Policy

Turkey lights the iconic Atakule Tower to commemorate Holocaust victims


Turkey is the first Islamic state to recognize Israel. It early on transformed the conflict from an Israeli Islamist to an Israeli Arab, and removed all non-Arab Muslim countries from the equation in favor of Israel. This was later reflected in Turkey’s mediation to build Israeli relations with non-Arab Muslim countries, especially in Asia and Central Asia. This became clear to all because of the rapprochement Turkey is showing every day, including the commemoration of the victims of the Holocaust.

The Turkish capital Ankara commemorated the victims of the Holocaust on Thursday evening by lighting up the famous Atakule tower in the city center.

“We remember” was written on the tower in Turkish and English, as part of an event organized by the Presidency of the Turkish Presidential Liaison Service and the Ministry of Foreign Affairs.
“Holocaust” is a term used to describe campaigns by the Nazi German Government and some of its allies, for the purpose of persecuting and liquidating Jews in Europe during the Second World War (1939-1945).

On January 27, 1945, Allied forces liberated Auschwitz camp in Poland, where historians say Nazi forces killed more than a million people, most of them Jews and political prisoners.

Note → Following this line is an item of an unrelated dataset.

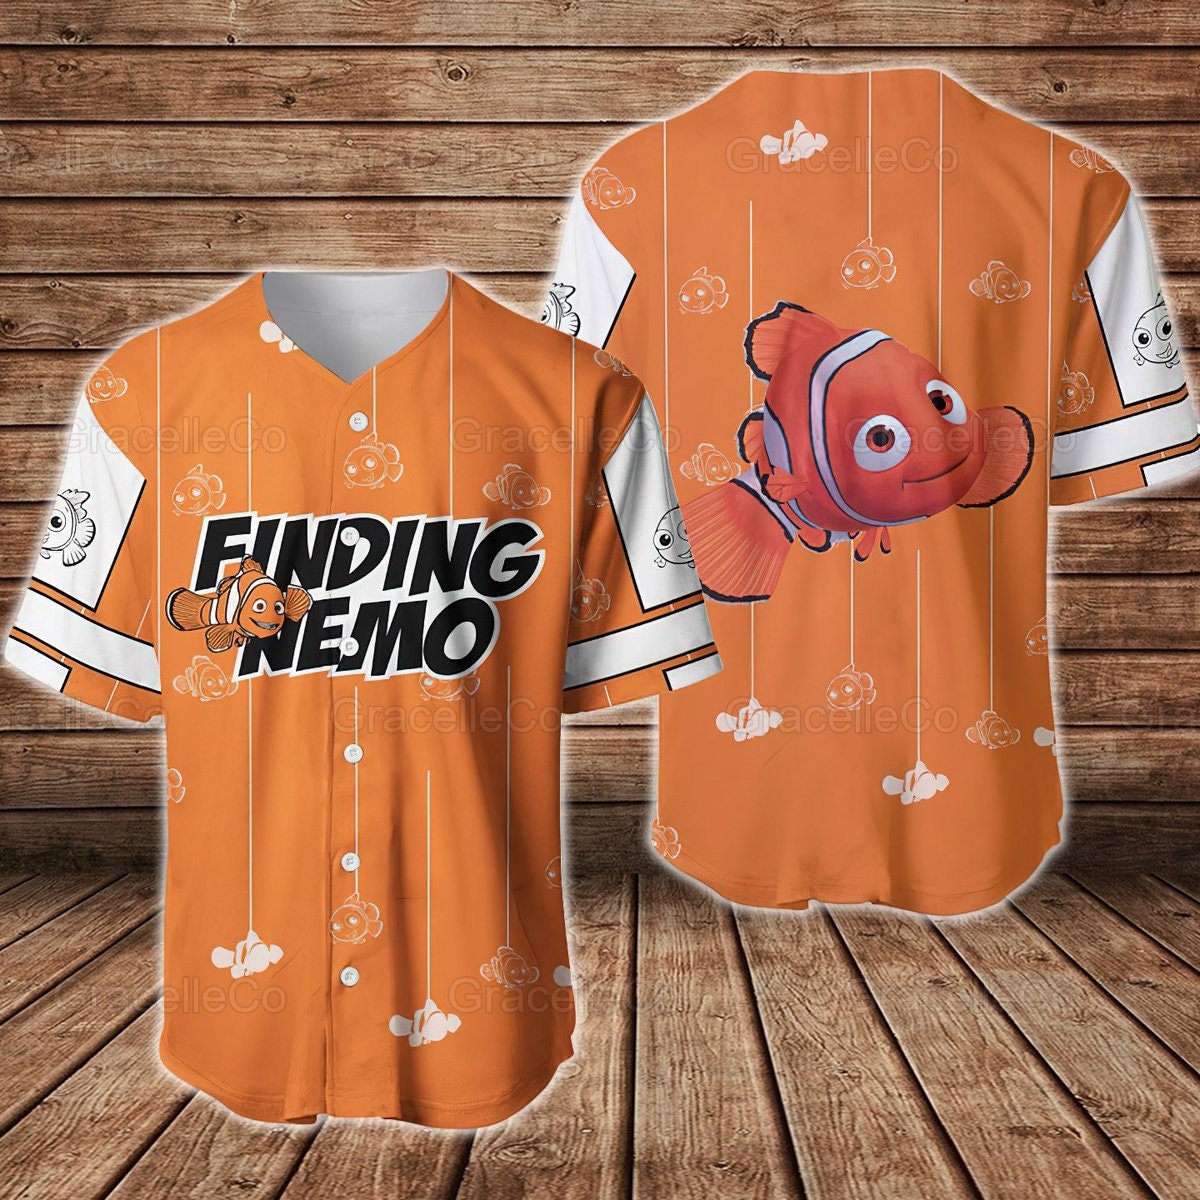 Finding Nemo Baseball Jersey Shirt, Nemo Fish Shirts, Disney Nemo Jersey  Shirts, Nemo Fish Movie Shirt

In 1958, Ankara and Tel Aviv signed a secret military-intelligence cooperation and partnership agreement called the “Ghost Charter”, under which Turkey would help Israel against Arab states in exchange for Israel’s assistance to Turkey to counter the Soviet Union’s activities in the Black Sea and Central Asia.

Turkey stood by the Ghost Charter agreement with all of its military and intelligence institutions to support Israel in all of its wars against Arab states, especially the wars of 1967 and 1973, but Erdogan’s momentum for Turkish-Israeli relations after he took office in 2002 was the major “strategic shift”.

Contradiction has become, in both word and deed, the real headline of all Turkish statements and practices since President Recep Tayyip Erdogan came to power in 2002; he openly declared himself an enemy of Israel, and facts and documents confirm that he is the biggest supporter of Tel Aviv since he came to power and to this day in various political and economic fields.